Incyte employees work in the office at least four days a week and there’s an optional remote workday for the fifth day, according to the company. In the next three years, Incyte expects to spend between $100 million to $200 million for buying the downtown buildings plus renovations and its planned suburban lab space retrofit, according to the company.

State economic development leaders negotiated the lion’s share of subsidies to entice Incyte to invest in Wilmington — nearly $15 million in total. Wilmington is expected to kick in some incentives too but that hasn’t yet been hashed out, Purzycki said.

“These investments are well worth it in the long run,” he said.

Now the Alapocas campus will be converted into lab space.
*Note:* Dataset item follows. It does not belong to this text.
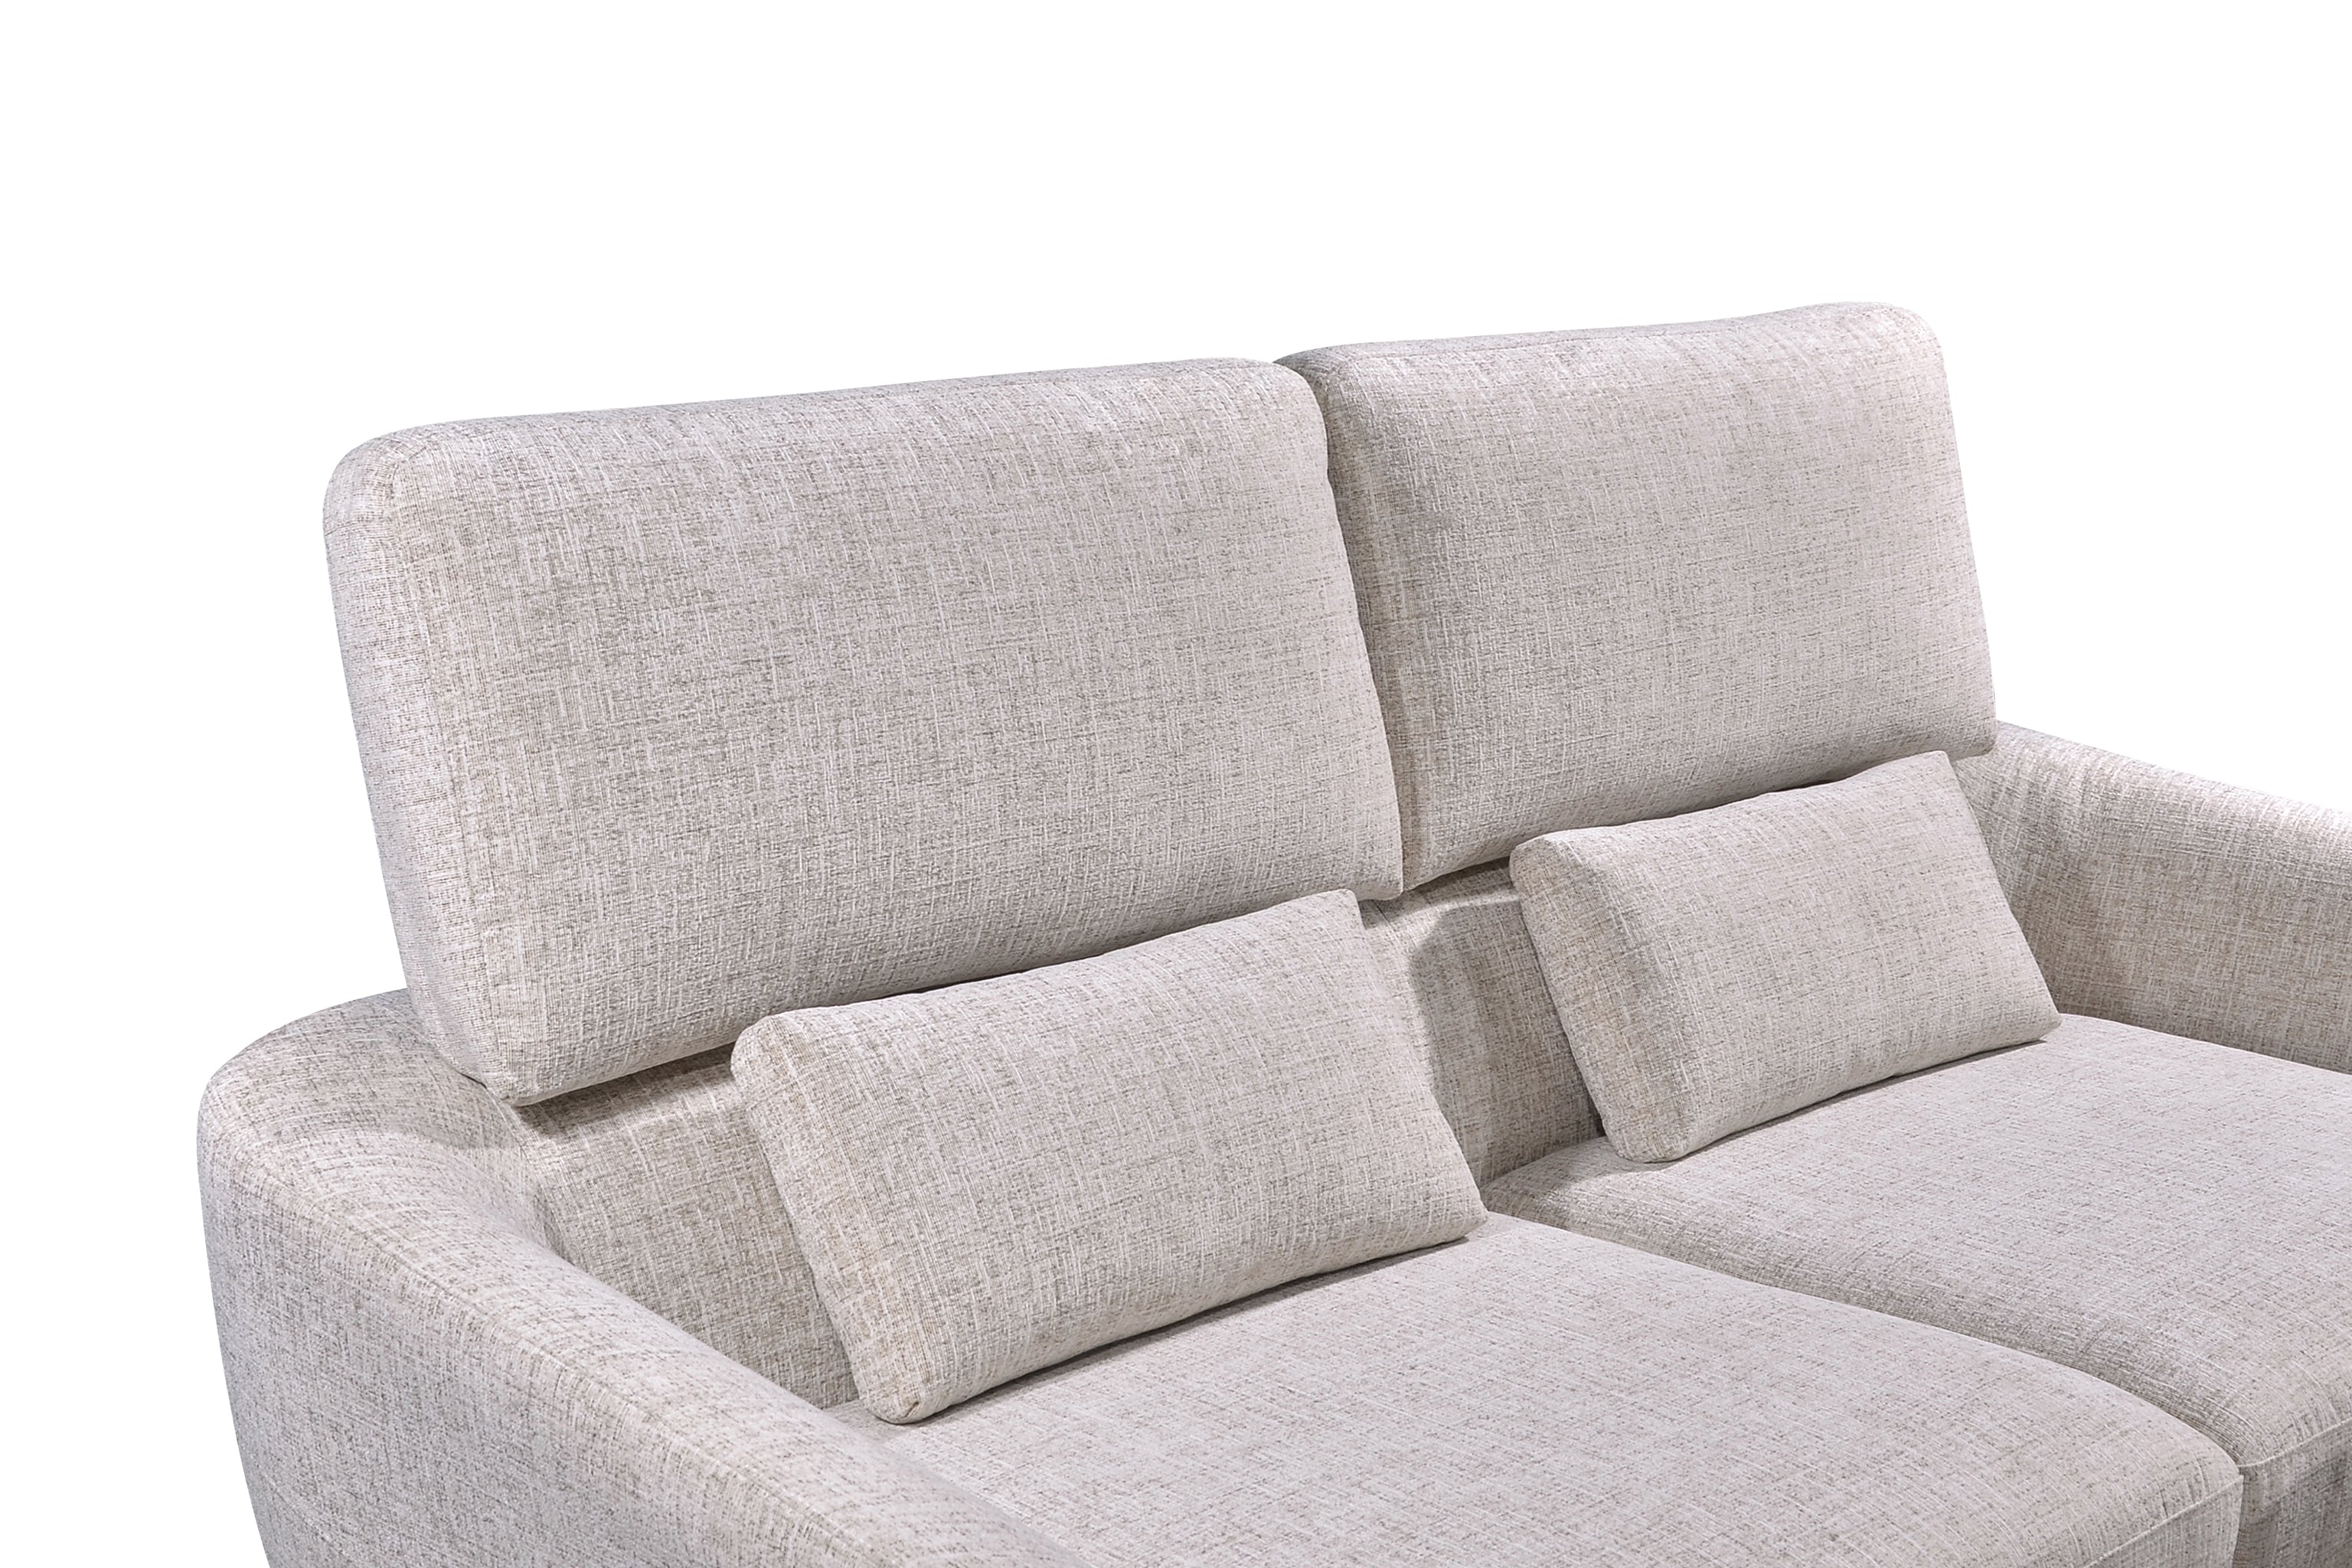 HELIOS 3 Seater Sofa in Fabric by Castilla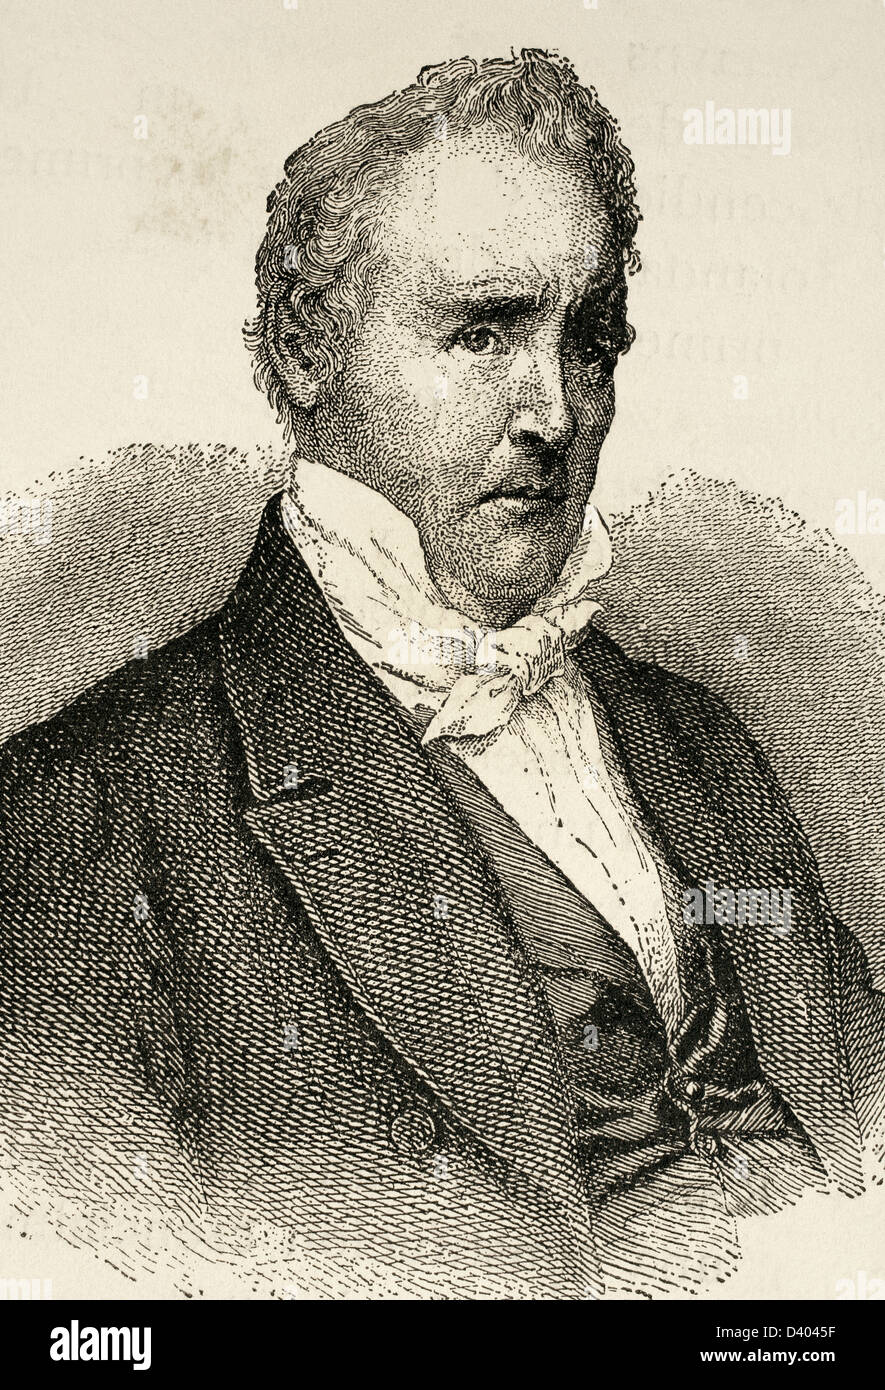 James Buchanan (1791-1868). US-amerikanischer Politiker. 15. Präsident der USA (1857-1861). Gravur. Stockfoto

The average salaries of workers relocating downtown is between $90,000 and $200,000.

The company is eligible for a jobs performance grant up to $9.1 million from Delaware’s Council on Development Finance, a graduated lab space grant up to $5.6 million from Delaware Strategic Fund — the money for which is contingent upon the company meeting its commitments. In total, the company could get $14.7 million in state subsidies.

“The grants provided historically for our growth and expansion, as well as those granted to us last week, allow companies like ours to succeed and be long-term contributors to the state and local community,” said Paula Swain, executive vice president and head of HR and facilities at Incyte. “The state, city, and county officials have been long-time supporters of innovative companies like ours and we are grateful for their continued support.”

Hervé Hoppenot, CEO of Incyte, said in a news release that the company is “grateful to the continued support of the state, the city and others.”